At this stage, on unique identifier queries are supported. Free text searches returning more than one entry per query term are not in these specs.
In its default setup, type one or more EMBL accession numbers (e.g. J00231), entry name (e.g. BUM) or sequence version into the seach dialog to retieve hypertext linked enties.
Note that for practical reasons only the first 50 identifiers submitted are processed.
Additional input is needed to change the sequence format or suppress the HTML tags. The styles are html and raw. In future there might be additional styles (e.g. xml). Currently XML is a 'raw' format used by Medline. Each style is implemented as a separate subroutine.
MAINTANENCE
A new database can be added simply by adding a new entry in the global hash %IDS. Additionally, if the database defines new formats add an entry for each of them into the hash %IDMATCH. After modifying the hash, run this script from command line for some sanity checks with parameter debug set to true (e.g. dbfetch debug=1 ).

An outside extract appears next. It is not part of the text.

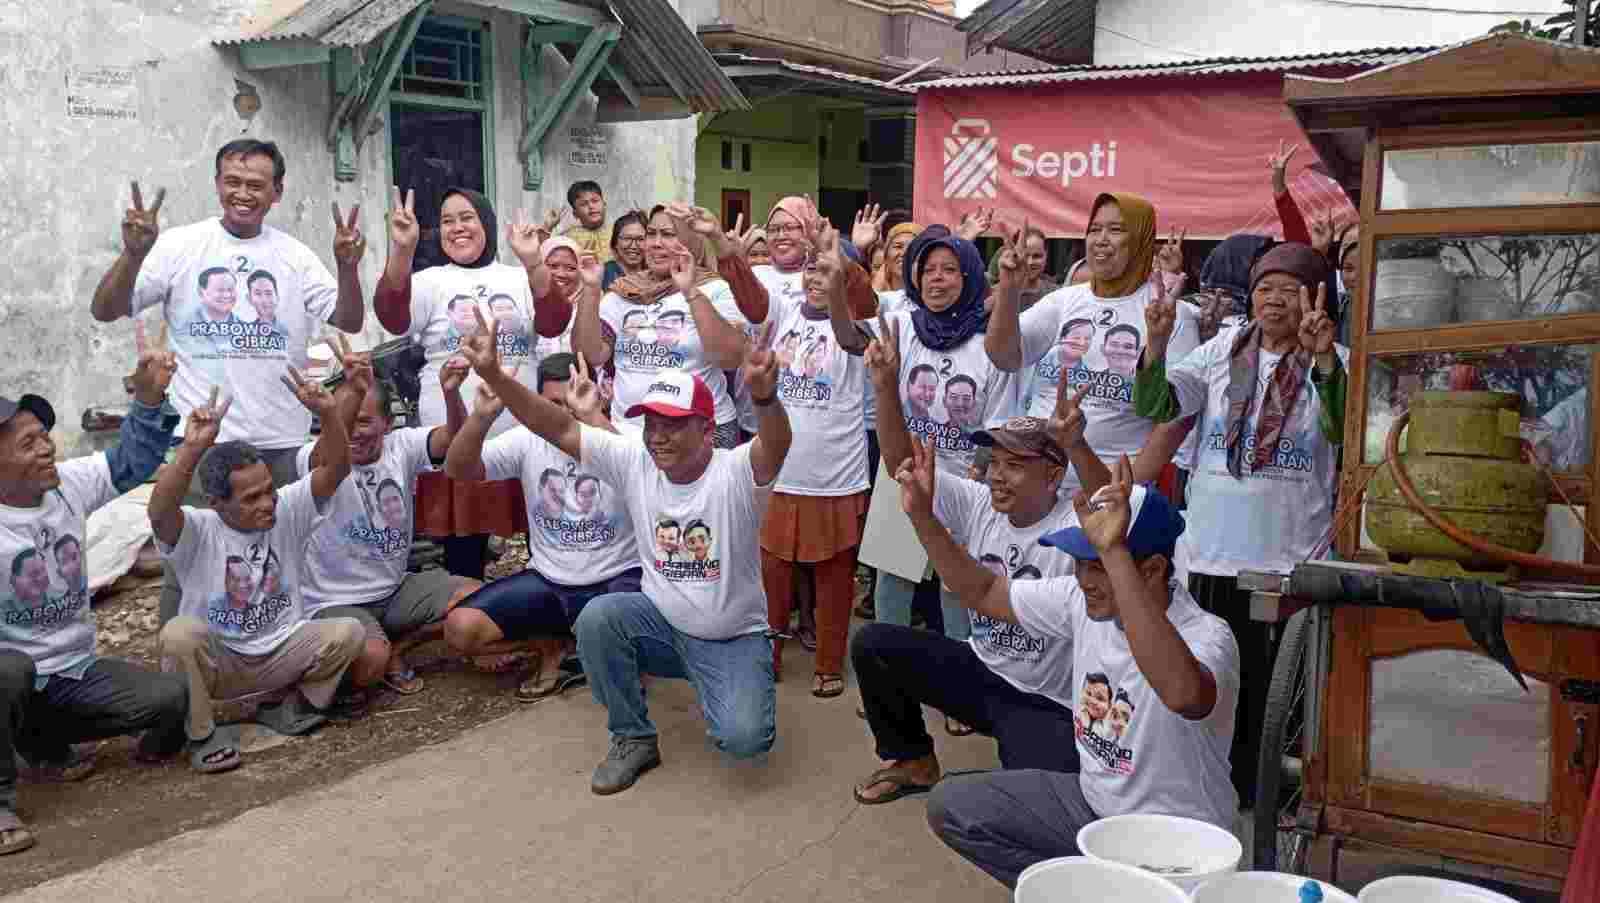 Brilian Gandeng Masyarakat Kabupaten Bekasi dalam Ajang Demokrasi Bagi-bagi Bakso, Kaos, dan Kalender Gratis

Finally, the user interface needs to be updated in the print_prompt subroutine.
VERSIONS
Version 3 uses EBI SRS server 6.1.3. That server is able to merge release and update libraries automatically which makes this script simpler. The other significant change is the way sequence versions are indexed. They used to be indexed together with the string accession (e.g. 'J00231.1'). Now they are indexed as integers (e.g. '1').
Version 3.1 changes the command line interface. To get the debug information use attribute 'debug' set to true. Also, it uses File::Temp module to create temporary files securely.
Version 3.2 fixes fasta format parsing to get the entry id.
Version 3.3. Adds RefSeq to the database list.
Version 3.4. Make this compliant to BioFetch specs.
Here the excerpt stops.